(DATA BELOW)

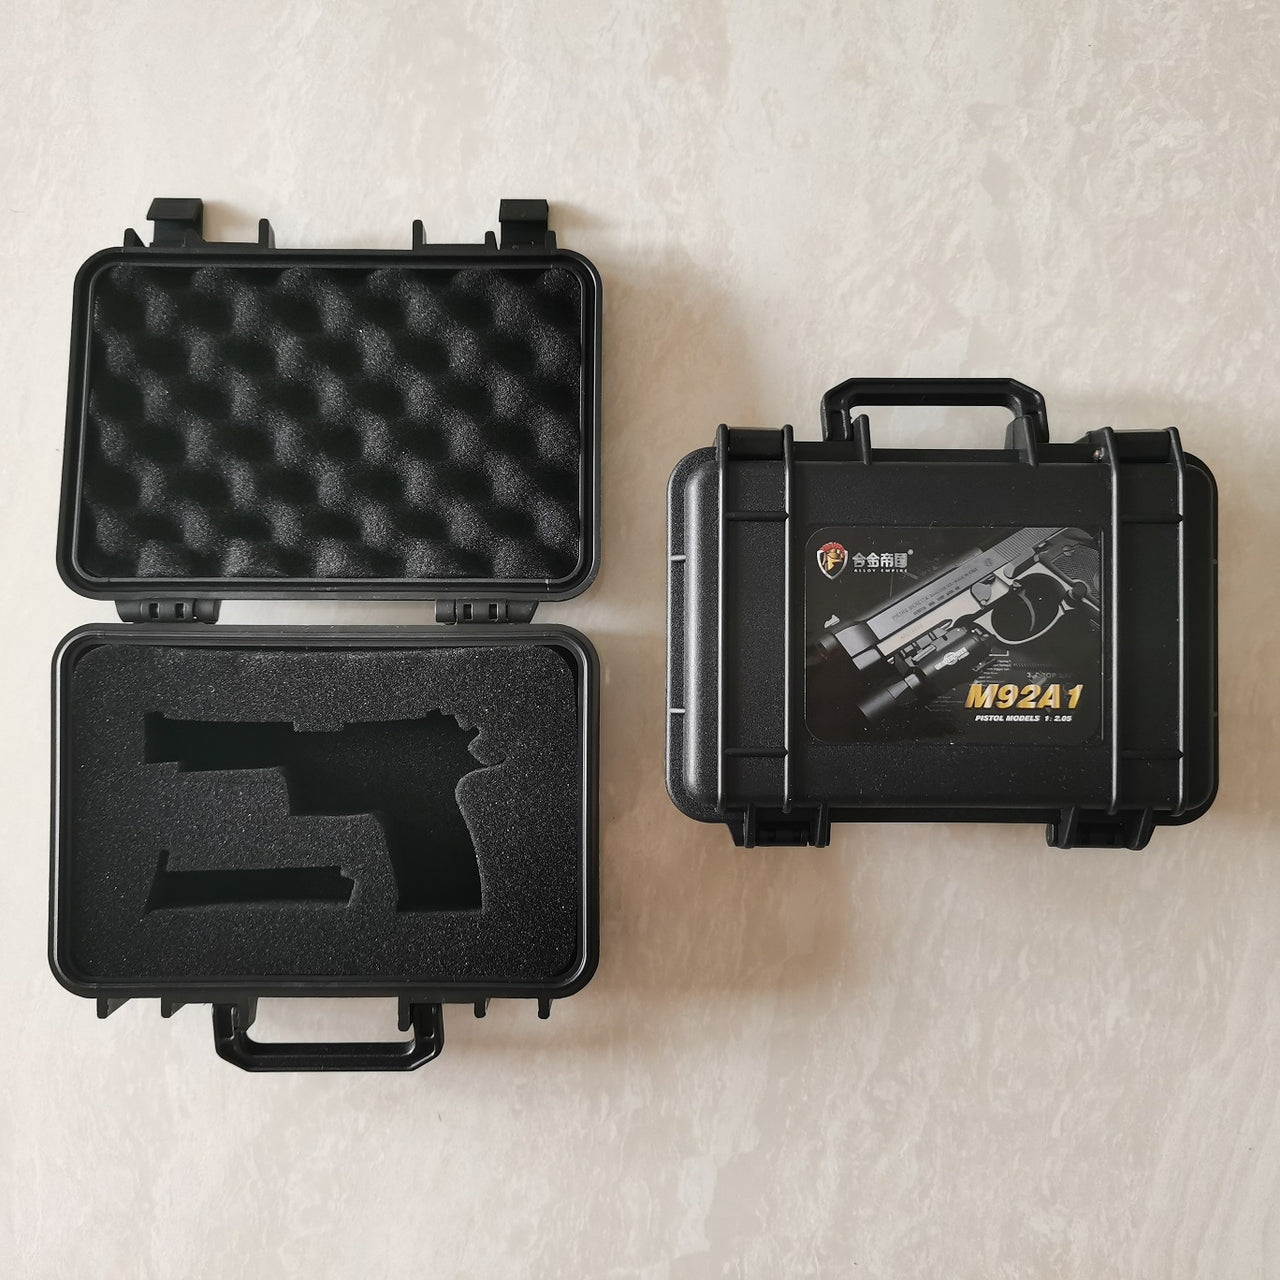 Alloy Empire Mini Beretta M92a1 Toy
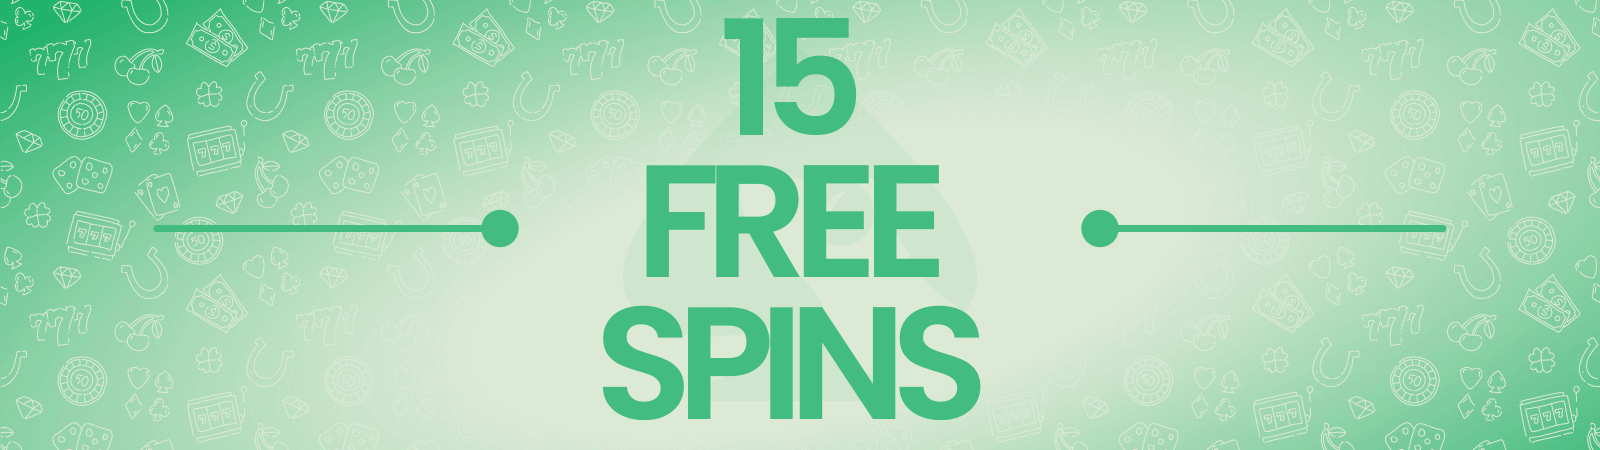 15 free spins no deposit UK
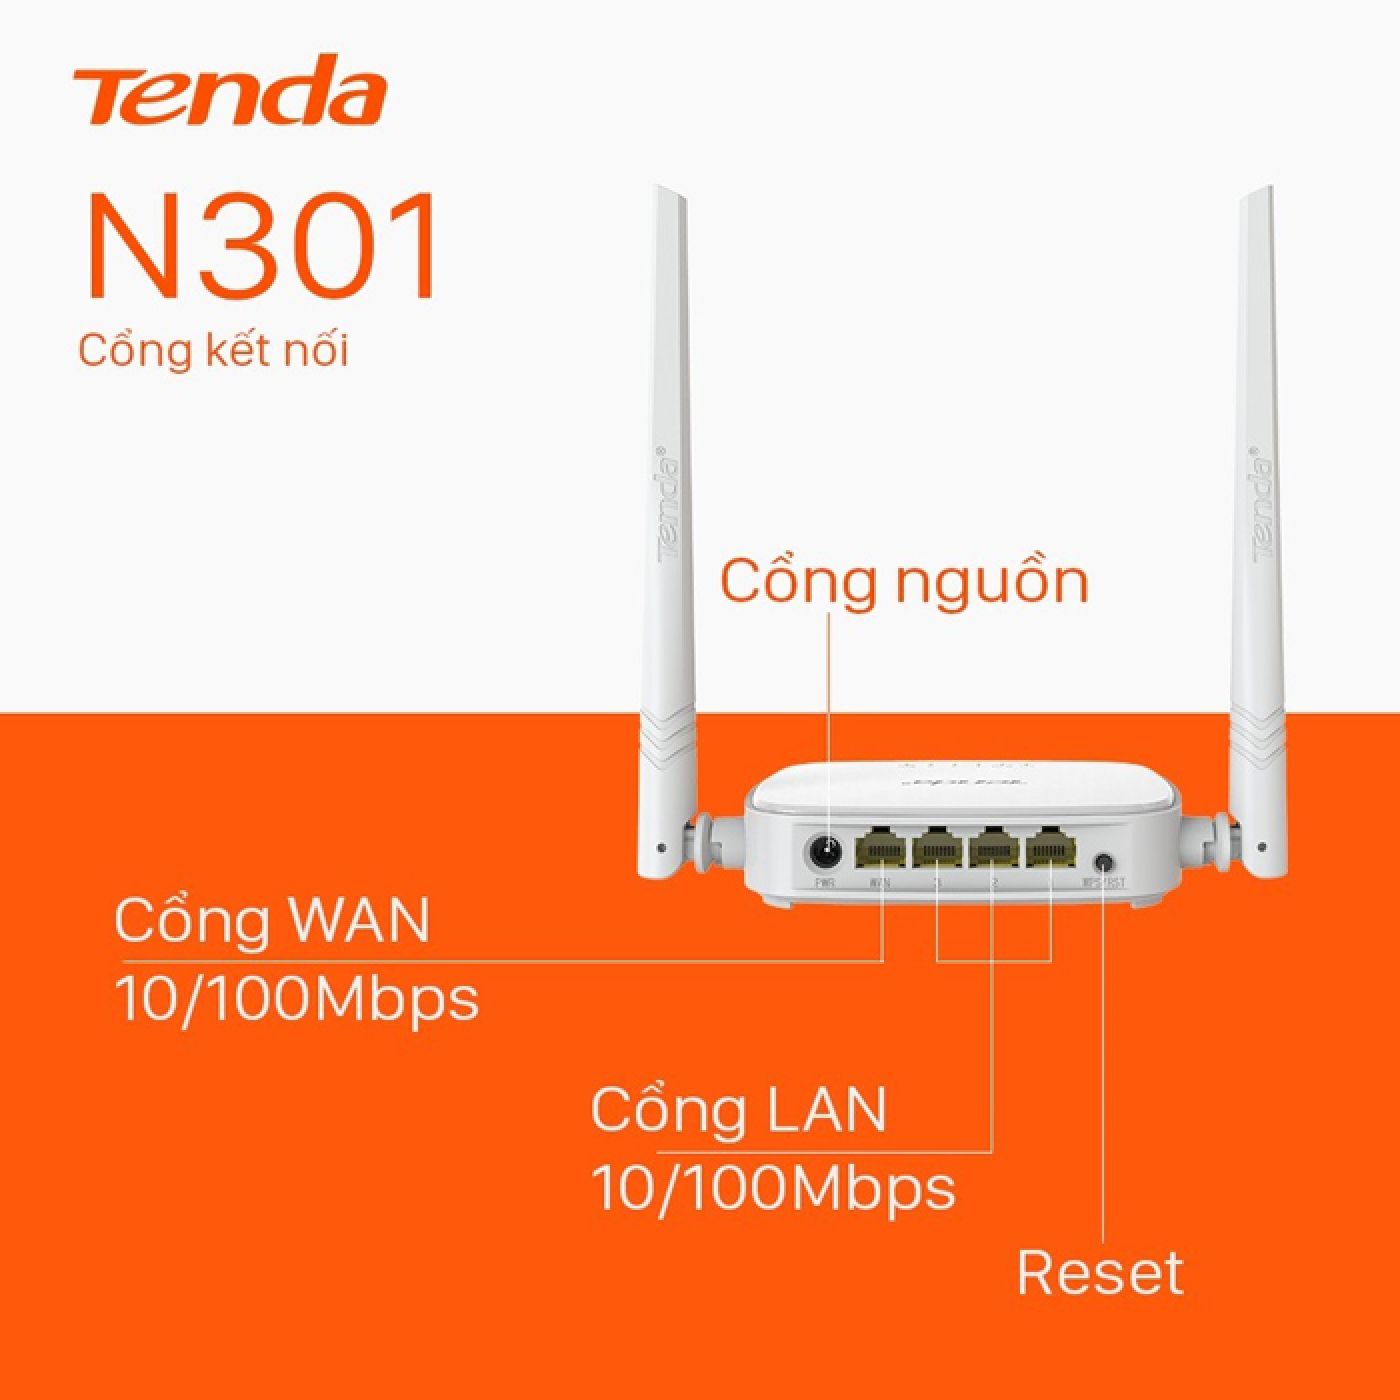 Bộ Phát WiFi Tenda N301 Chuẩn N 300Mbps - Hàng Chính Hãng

(End DATA BELOW)

[YOUR GOAL]
Leave every picture out and write out exactly the lines from the line with "15 free spins no deposit UK" through the last line of the material.

[ANSWER AREA]
 15 free spins no deposit UK
 Bộ Phát WiFi Tenda N301 Chuẩn N 300Mbps - Hàng Chính Hãng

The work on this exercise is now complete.